I sell a line called Rogz in my shop, love the martingale style which comes in pretty patturned styles and there will be matching leads, harnesses, collars etc. they ar emad ein south africa. if you look up website Rogz | Use it or lose it they will direct you to local supplyer.


----------



## WonderPup (Oct 26, 2008)

wishpoo said:


> *WonderPup *- I hate stiff leads also and yesterday I found soft leather ones at local dog show vendor. I could not resist and bought one even though I have no puppy yet LMAO !!!It is braided , maybe that was a key ? Soft leather leads are so hard to find :noidea: - I have no idea why that is the case ...


Leather softens up really well with use though so I don't mind a little stiffness in that so long as it isn't also wide. I have one that I've been using since I was 8 years old and it is sooooo buttery!! It had braided handles and the snap was braided in as well. The braided part on the handle finally gave up the ghost ummm maybe 2 yrs ago. I still use it sometimes for Howie but it's pretty much retired. I don't want anything more to happen to it. It's maybe a little weird but I am very fond of it, it's special lol  I showed my very first dog in Obedience on it and put Howie's titles on him with it and did almost ALL of Howie's training with it along with other dogs in between. *Shrugs*  I'd like to have an all braided one in the near future, I like the kangaroo leads - awesomeness. 
Gosh, just talking about it makes me want to hop onto J&J (I think that is where it came from??) and order another one. lol


----------



## Oodlejpoodle's mom (Sep 11, 2009)

I bought the big girls "standard Poodle" collars from The collar girl and Bubbles has the "toy poodle" collar. I have also bought the Dachshund and the Cocker from the same woman as gifts. She does a wonderful job and they make great gifts.
Martingale Dog Collars


----------



## charity (Jan 23, 2009)

I like this site too....ordering one for my Blue Heeler.

Designer Dog Collars Deputy Dawg Collection


----------



## BFF (Jun 10, 2009)

Well, it looks like you have a lot of choices. If you want leather, I can create a custom collar and a braided lead for you. I say lead because it would be about 4 feet long. I cut the collar straight from the cow, so we can make it any width you want.

The difference in my collars from a lot of others on the web is that they have two layers of leather. I also round the edges and burnish them for a comfy fit. I don't have a picture of a martingale, but I can make that for the same price as a buckle. I have also started making them with graduating colors which looks pretty neat. Check out my webpage. There is a gallery there showing collars I have done. It also has a color chart where you can pick your own colors!

Leather Dog Collars

_I'll give anyone on PoodleForum a 25% discount! _


----------



## charity (Jan 23, 2009)

Oh BFF...I love your collars!!! I will be ordering from you instead!


----------



## BFF (Jun 10, 2009)

I would be honored! Tate has one of my collars if you need a reference on how they are made. I know it's hard to tell from a picture sometimes.


----------



## SpooWishes (Dec 7, 2010)

i just bought a new lupine collar and leash set.
I bought 'Doggie Dreams' and I LOVE it! 
The handle is black on the leash and also I think it's padded.
http://www.lupinepet.com/webbing/1inch_patterns/doggie_dreams.jpg

you can see a picture of the handle better here.

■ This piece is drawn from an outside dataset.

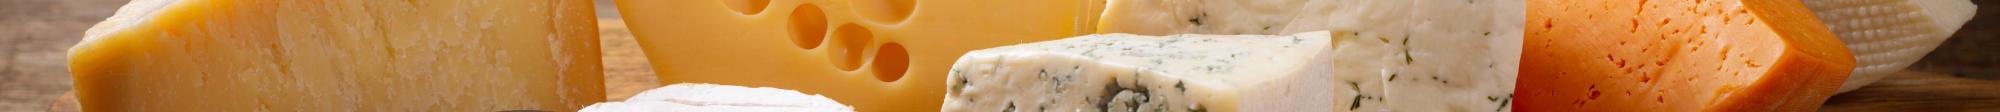 Comprar queso búfala online gourmet   Mixtura Gourmet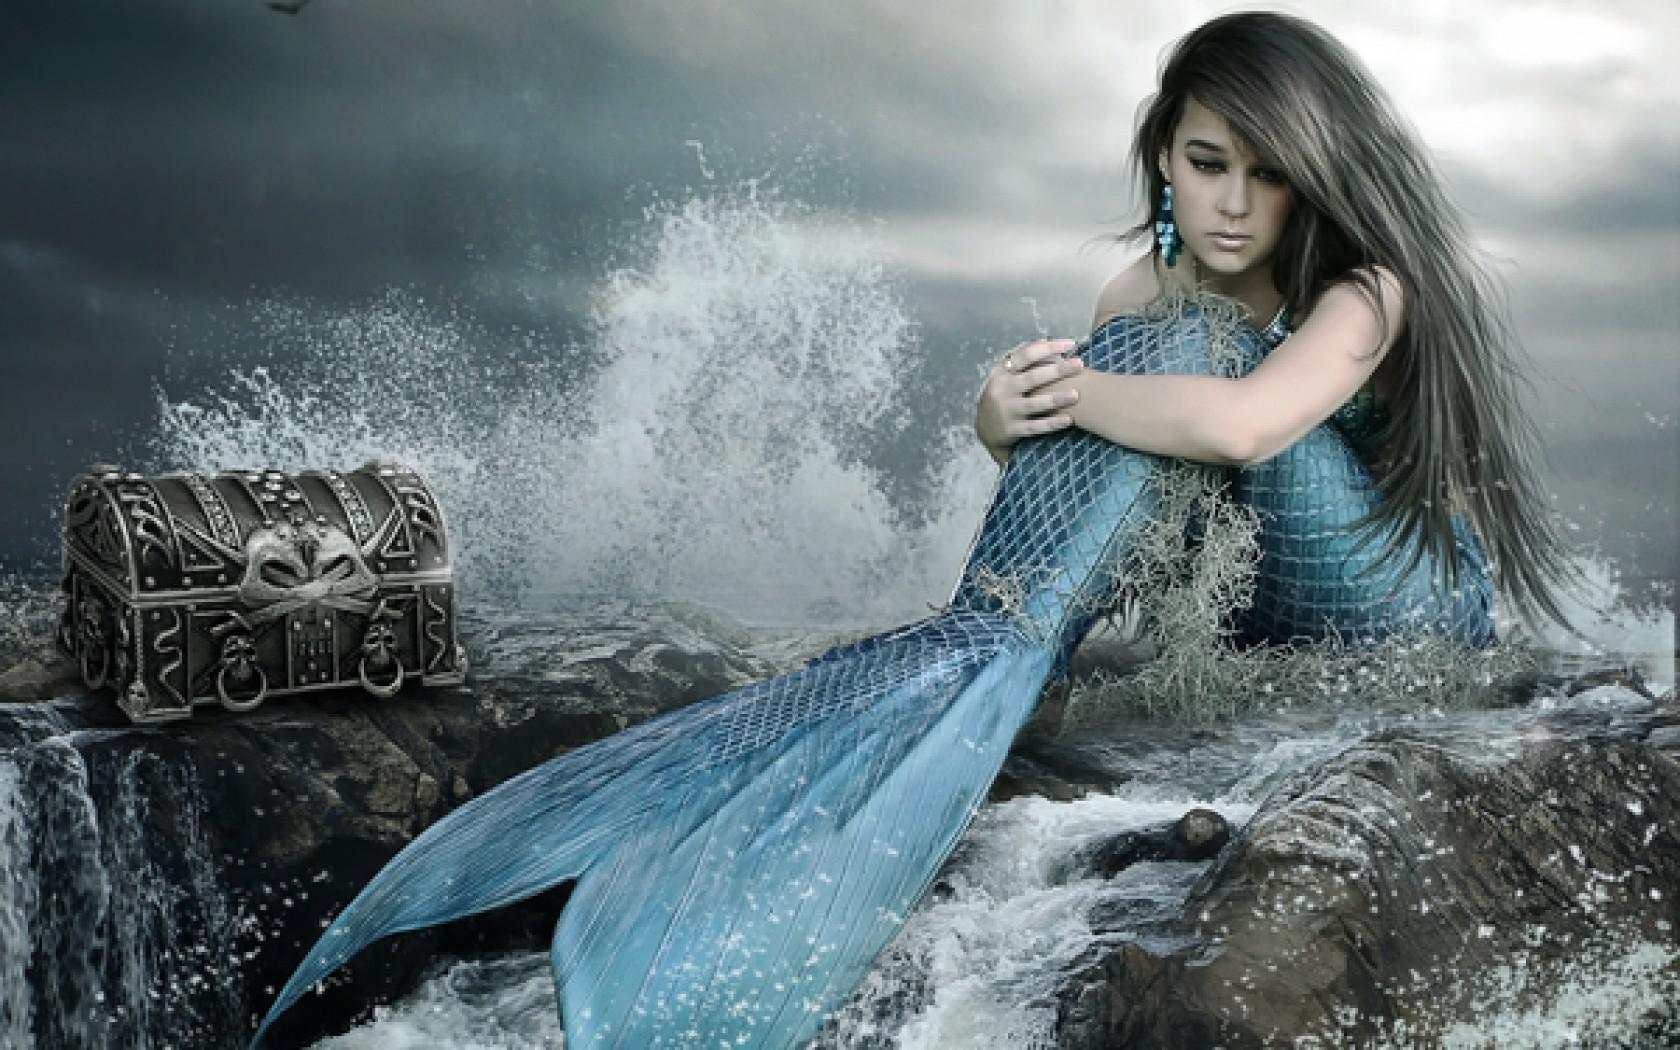 Mermaid Backgrounds, Compatible - PC, Mobile, Gadgets  1680x1050 px

Also, you can get it to go with a plastic retrax handle,
http://www.lupinepet.com/new/other.php


----------



## wishpoo (Sep 12, 2009)

*BFF*- how beautiful !!!! :beauty:

They are VERY elegant and I like that many designs you have available would be pretty but still "masculine" if one wants a studded collar for a boy-poodle :act-up: !!!! Really something different : ))))) !!!!!!! You are doing fantastic job making them and I wish you super-fantastic number of "sale -hits" :act-up::clover:


----------



## WonderPup (Oct 26, 2008)

Oodlejpoodle's mom said:


> I bought the big girls "standard Poodle" collars from The collar girl and Bubbles has the "toy poodle" collar. I have also bought the Dachshund and the Cocker from the same woman as gifts. She does a wonderful job and they make great gifts.
> Martingale Dog Collars


Funny you should mention those, I wanted that for the longest time but decided I didn't want the blue and two pinks wouldn't do either. They have to have unique collars lol.


----------



## WonderPup (Oct 26, 2008)

BFF, you can make a leather martingale? Really? That's neat. 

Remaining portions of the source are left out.